WHAT IS REQUIRED: Copy the listing below exactly. Pictures stay out of it.

STORED DATA:
▼
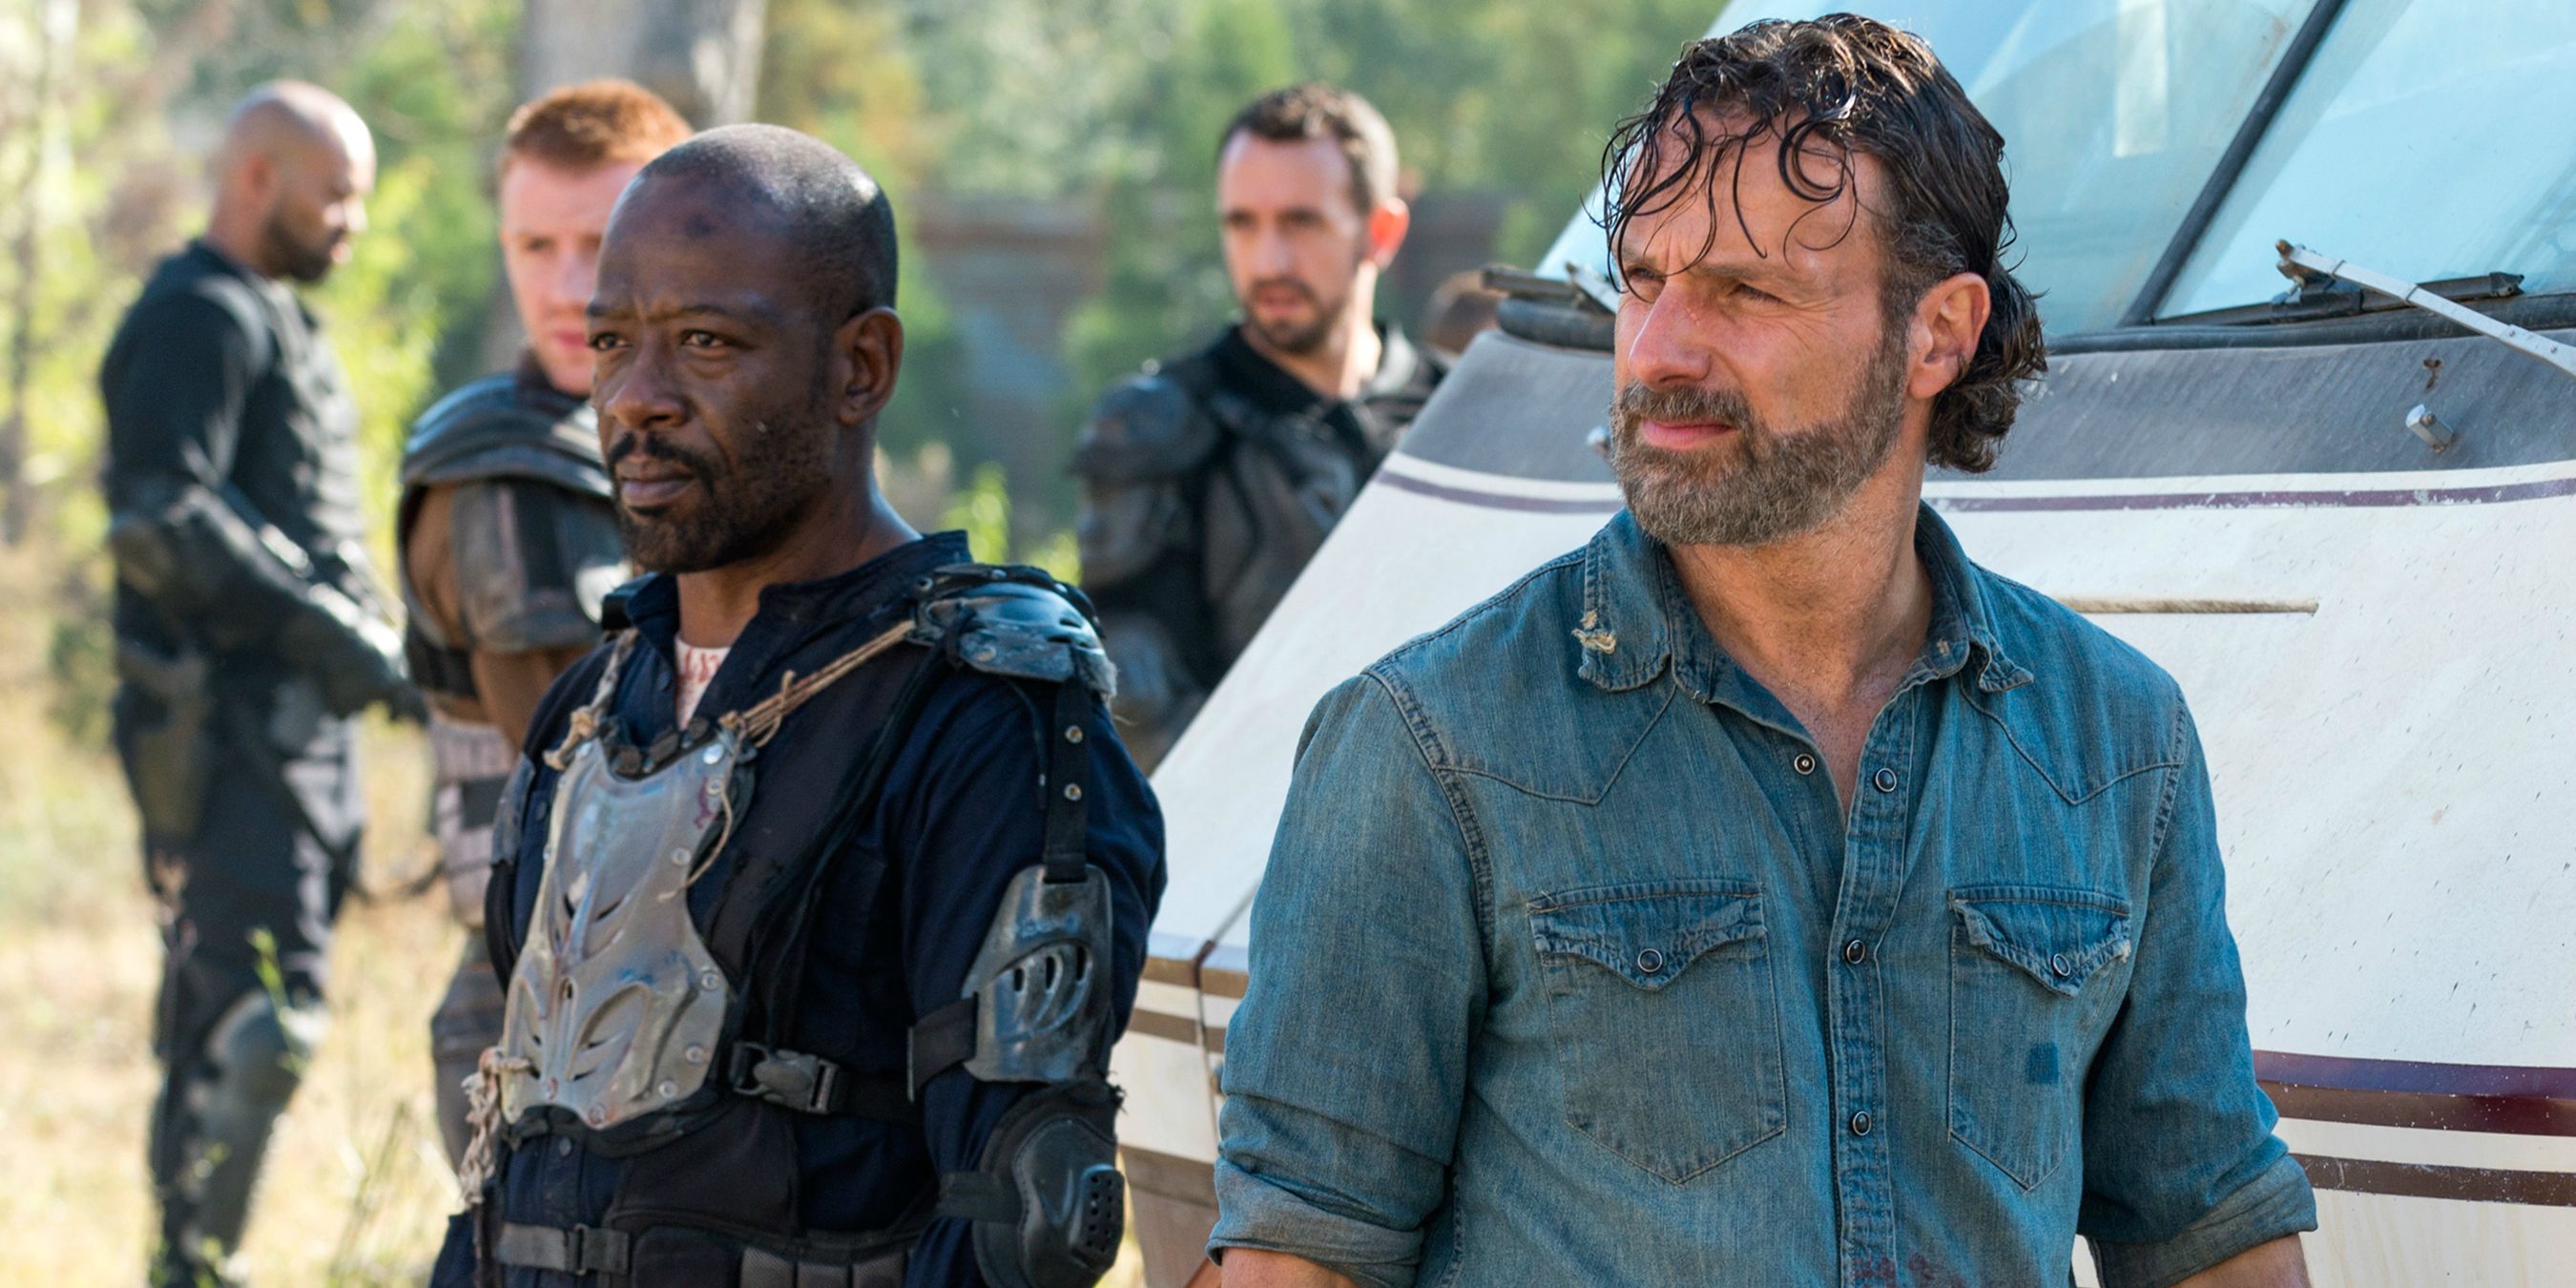 Andrew Lincoln as Rick Grimes and Lennie James as Morgan Jones in The Walking Dead
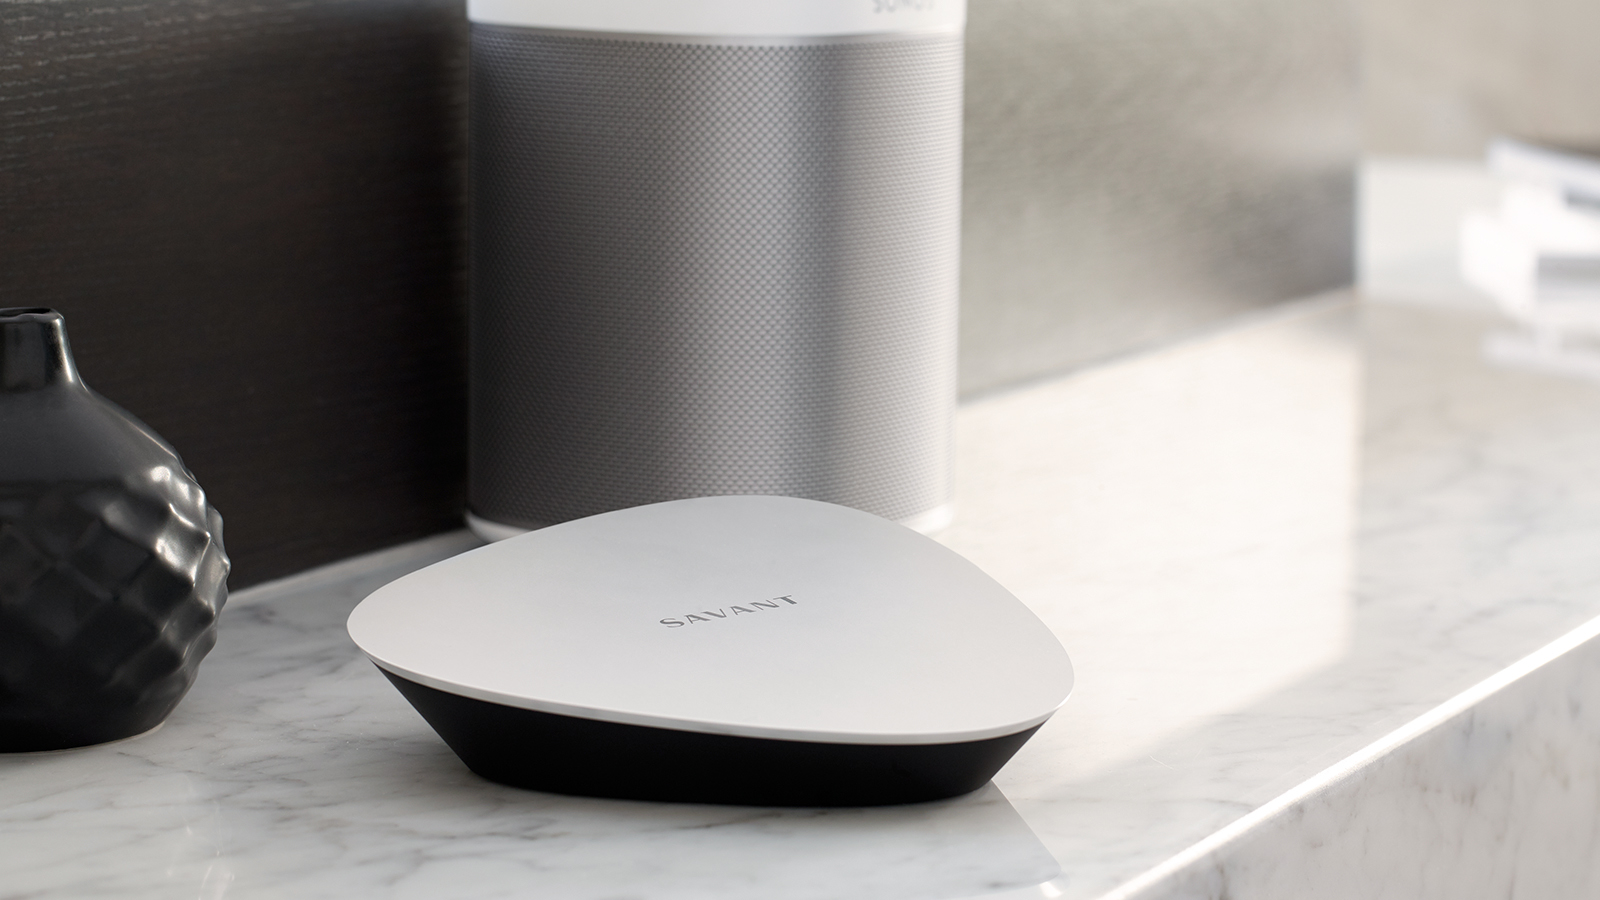 Savant Takes A Simple But Elegant Approach To Home Automation
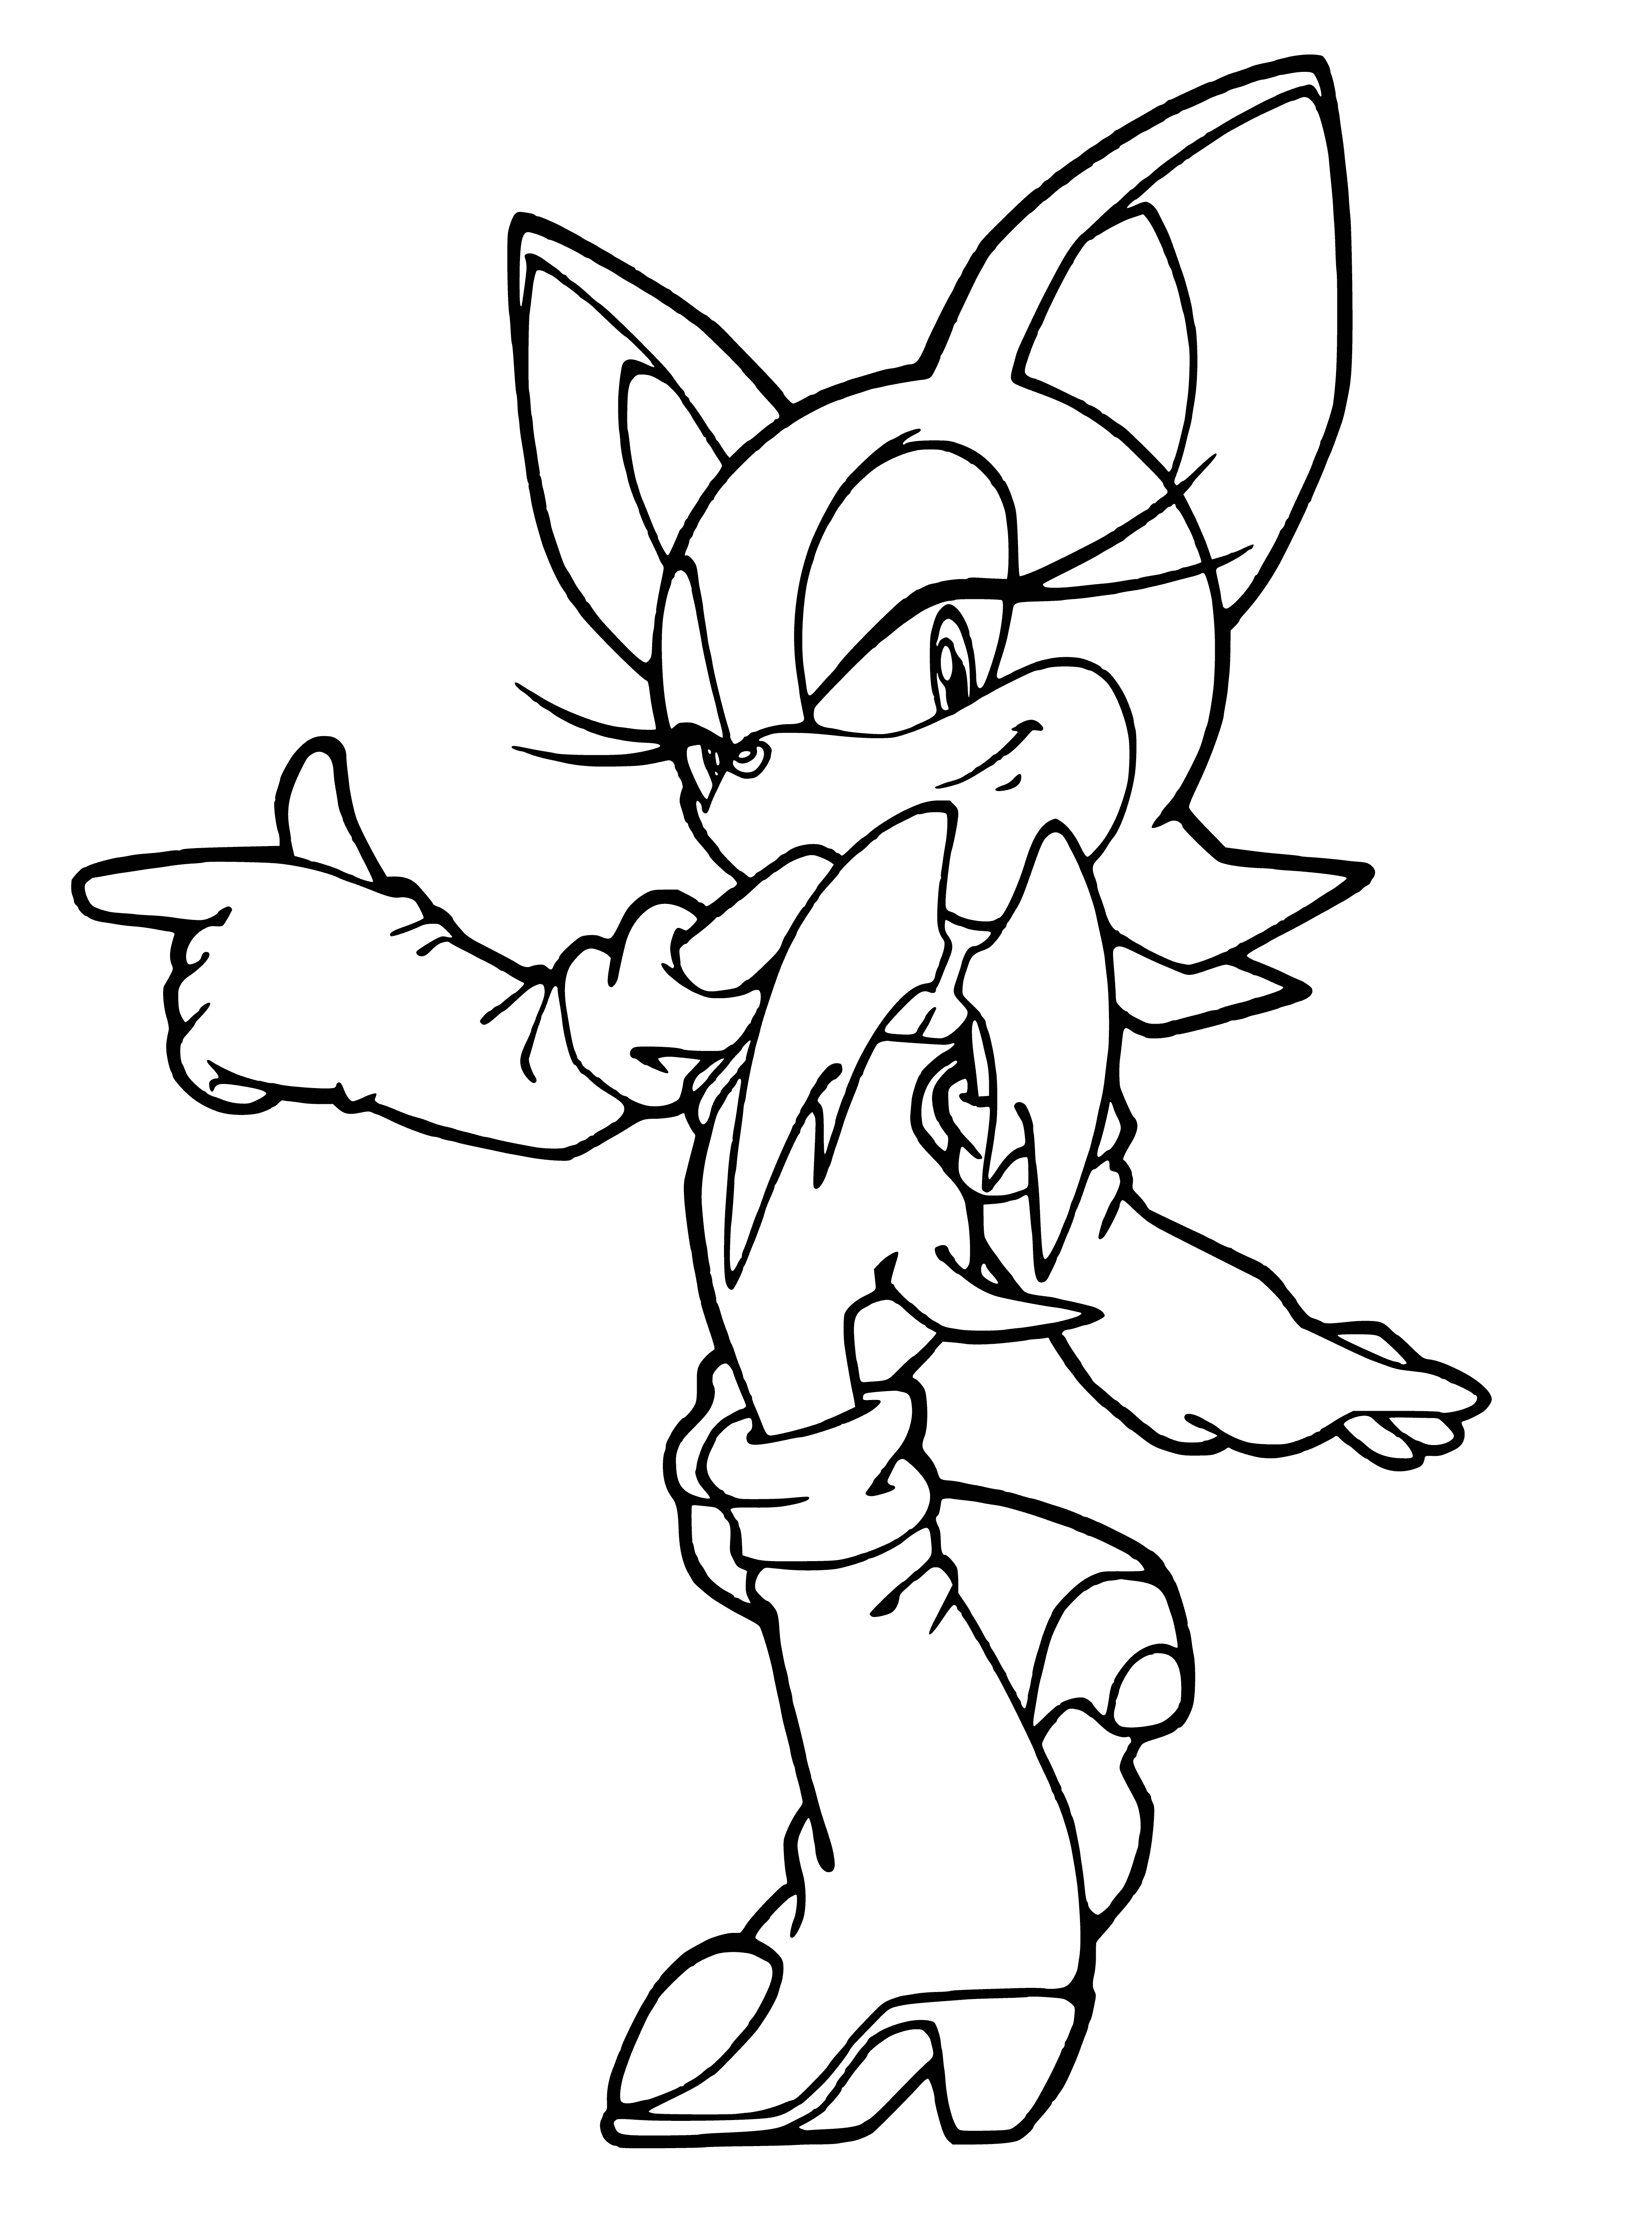 coloring page: Rouge is a purple bat-like creature with red eyes and a sharp dress. She uses her charm to win over her foes in the Sonic X series.
▲
RESPONSE TO THIS EXERCISE:
 Andrew Lincoln as Rick Grimes and Lennie James as Morgan Jones in The Walking Dead
 Savant Takes A Simple But Elegant Approach To Home Automation
 coloring page: Rouge is a purple bat-like creature with red eyes and a sharp dress. She uses her charm to win over her foes in the Sonic X series.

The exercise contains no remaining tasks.